WHAT YOU ARE ASKED TO DO:
Write out word for word the lines from the one holding "Cioccolato Torinese" through the end of the data, and only those lines. Pictures stay out.

DATA BLOCK:
=== Section Start ===
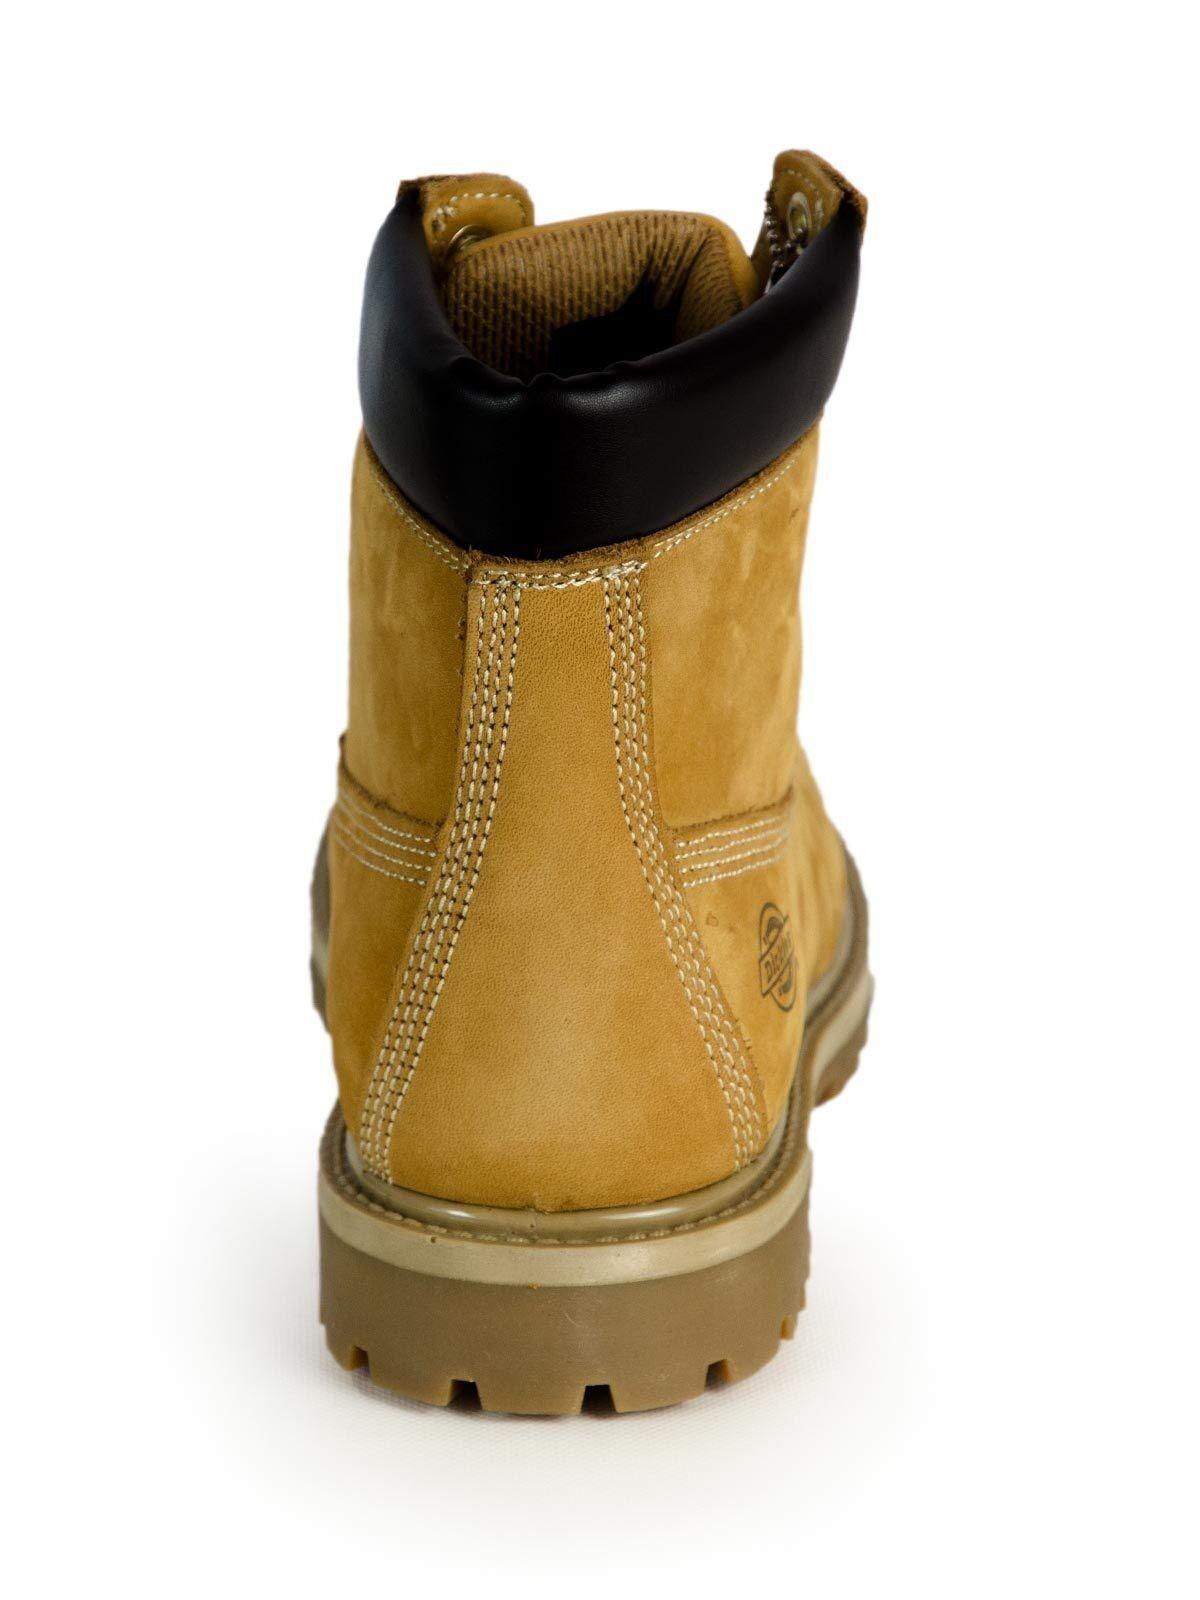 Dickies Stiefel / Boot South Dakota Honey / Beige #5008
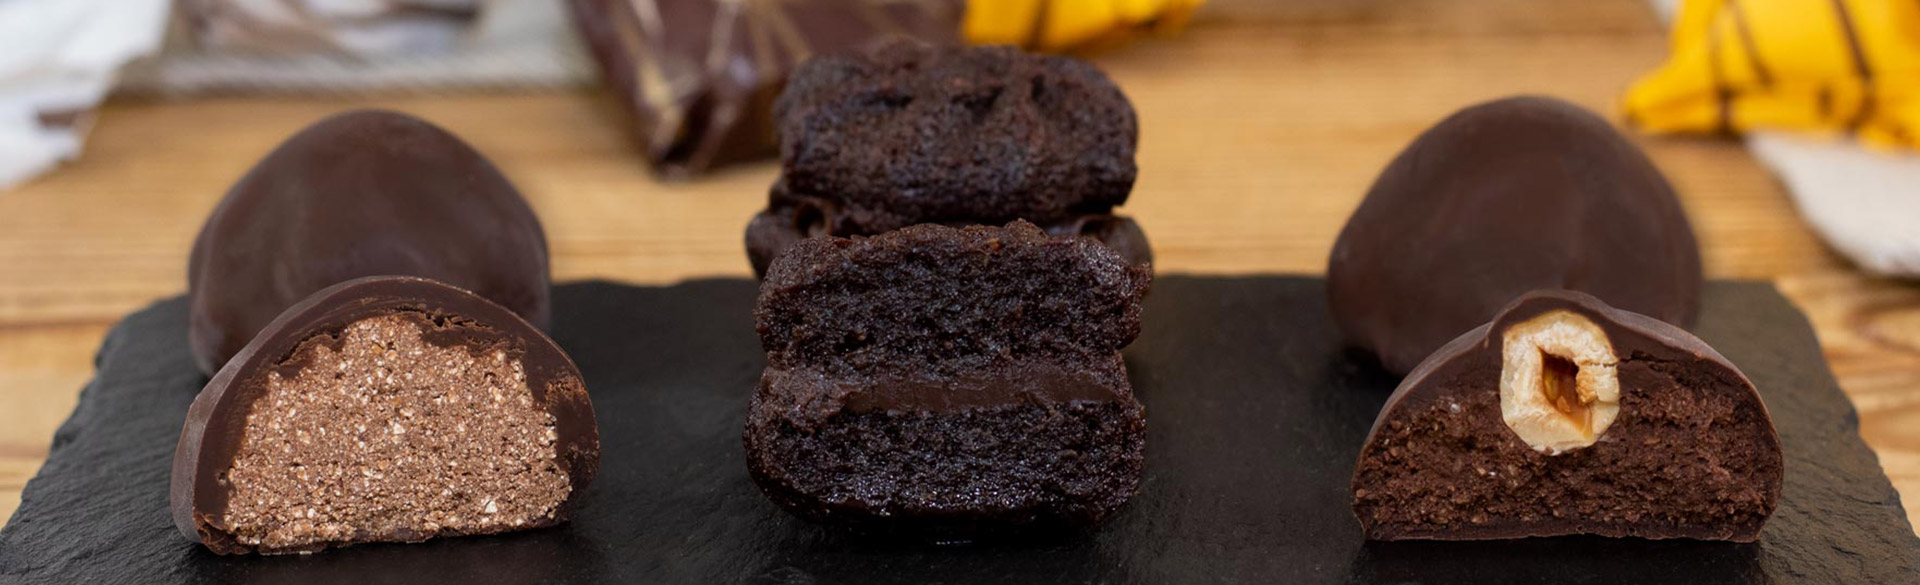 Cioccolato Torinese
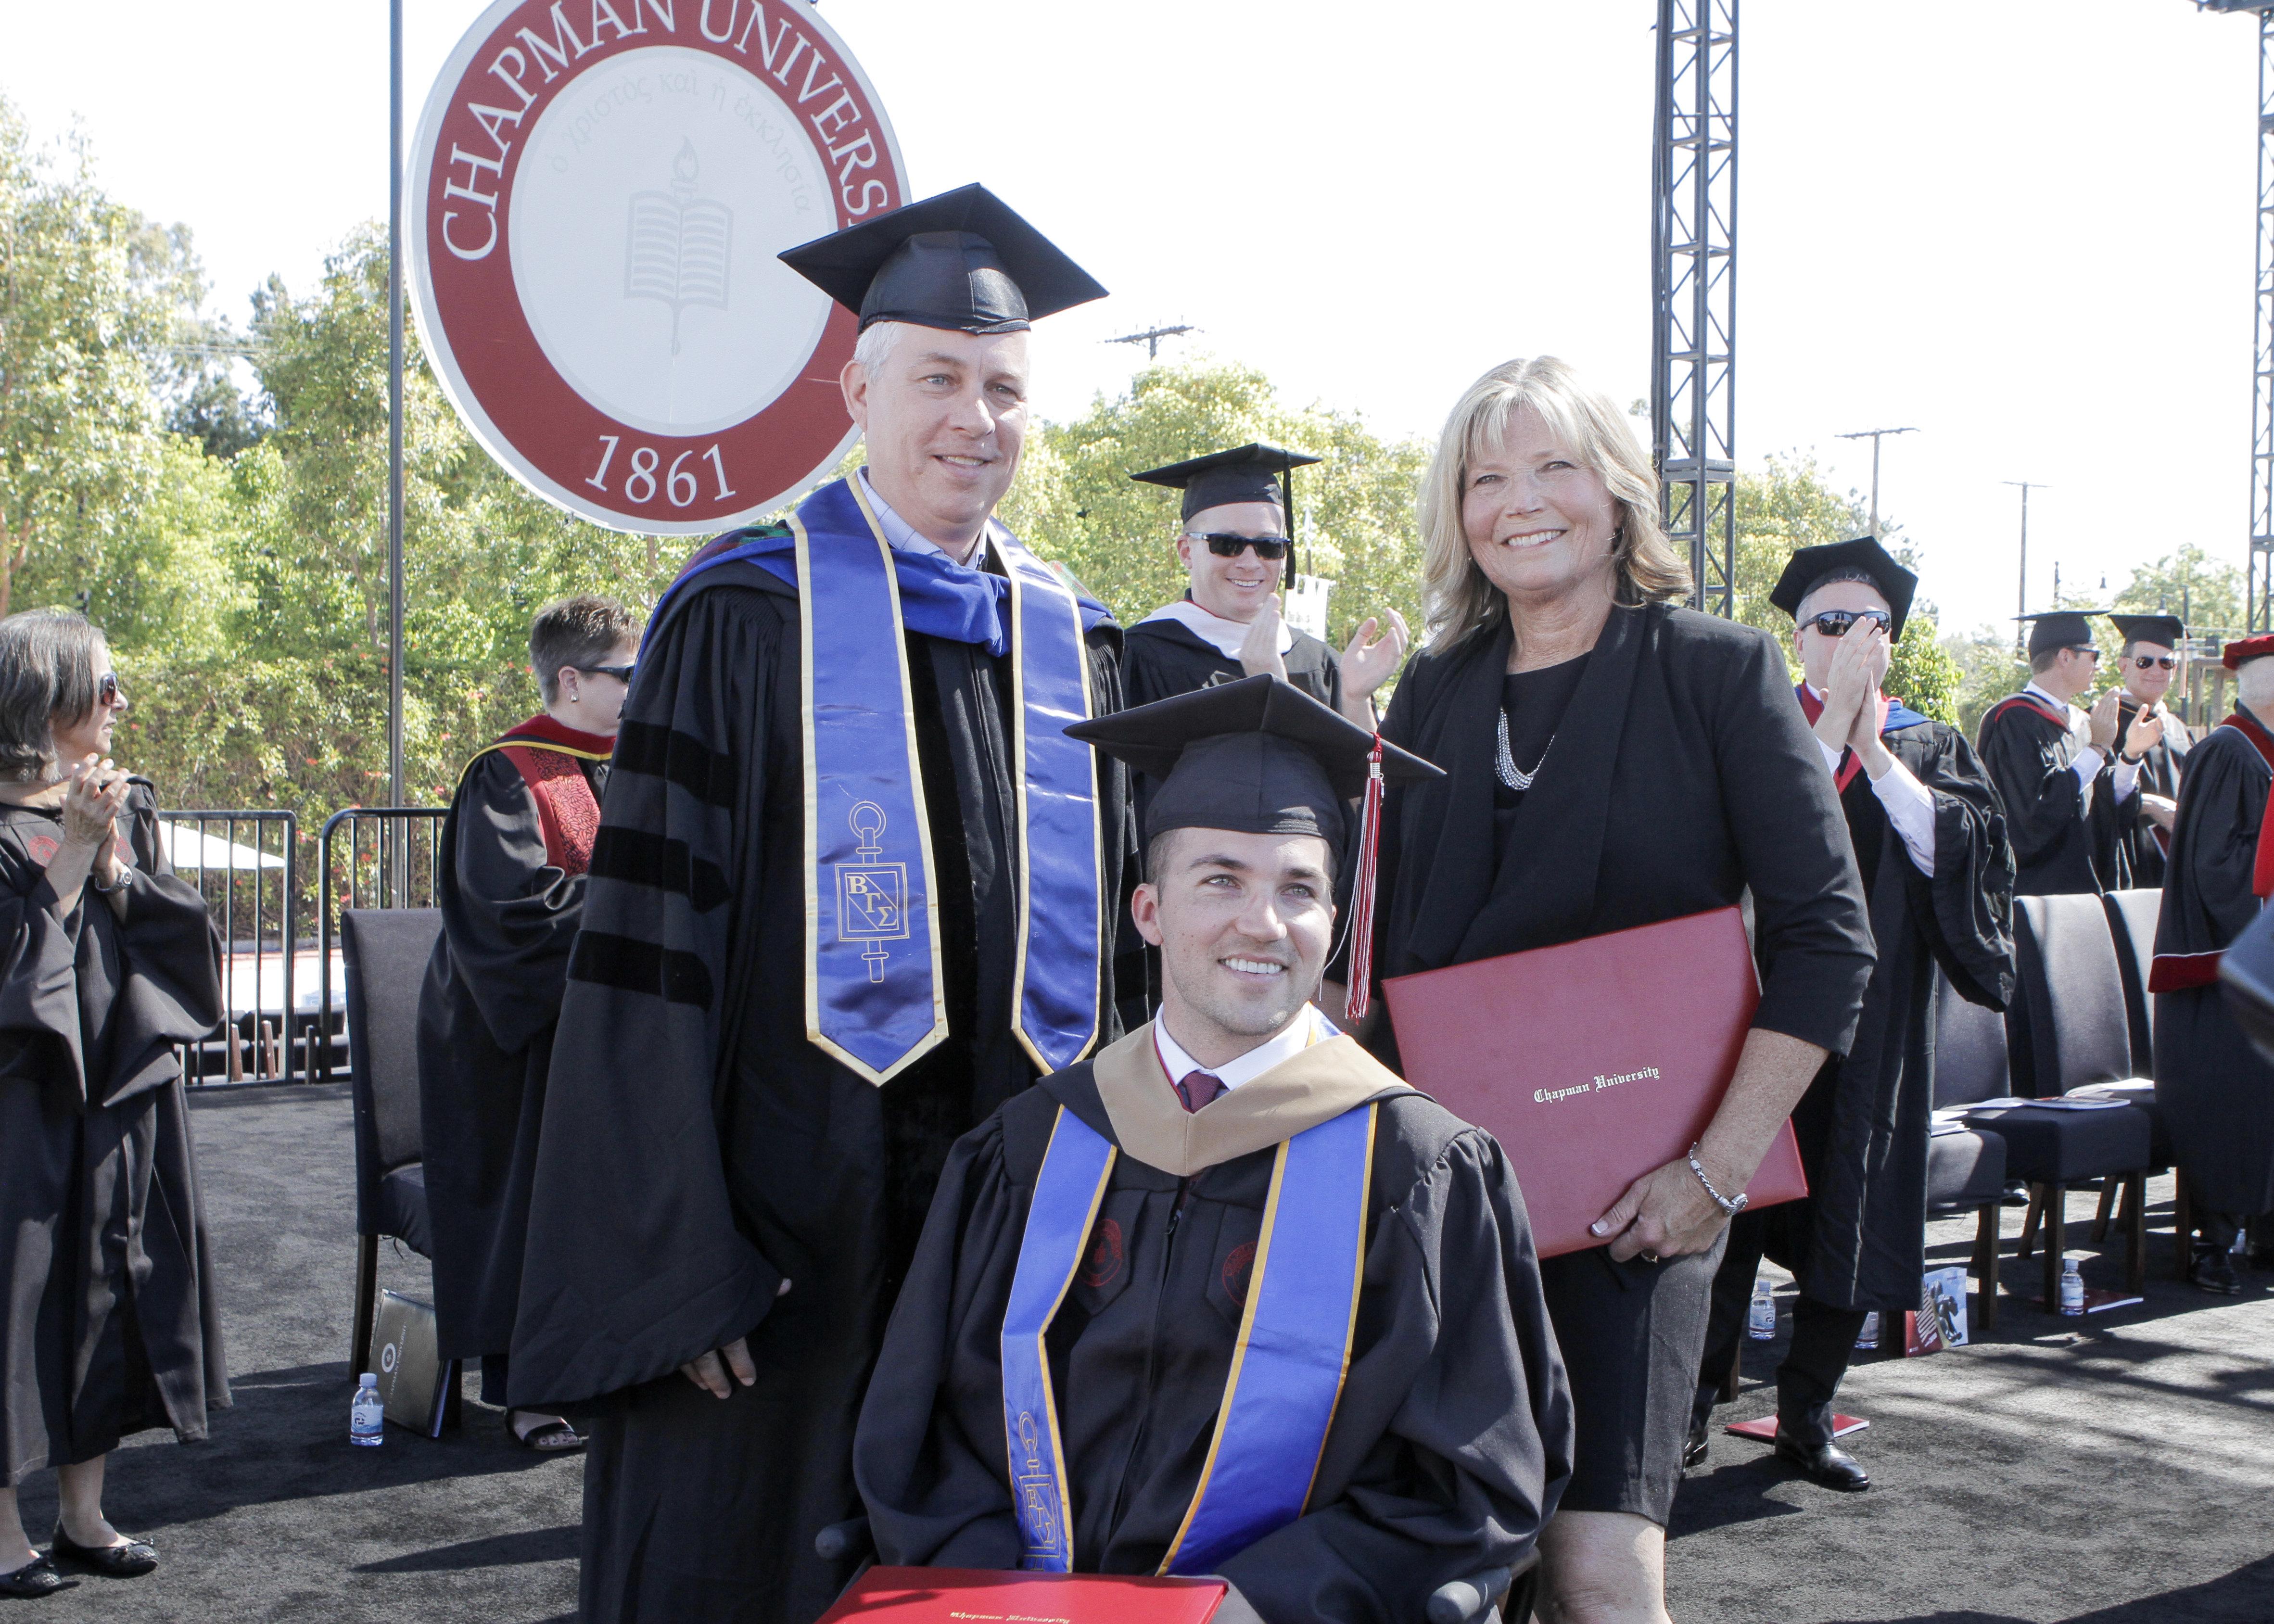 Mom Receives Honorary Degree After Helping Quadriplegic Son
=== Section End ===
RESULT BELOW:
 Cioccolato Torinese
 Mom Receives Honorary Degree After Helping Quadriplegic Son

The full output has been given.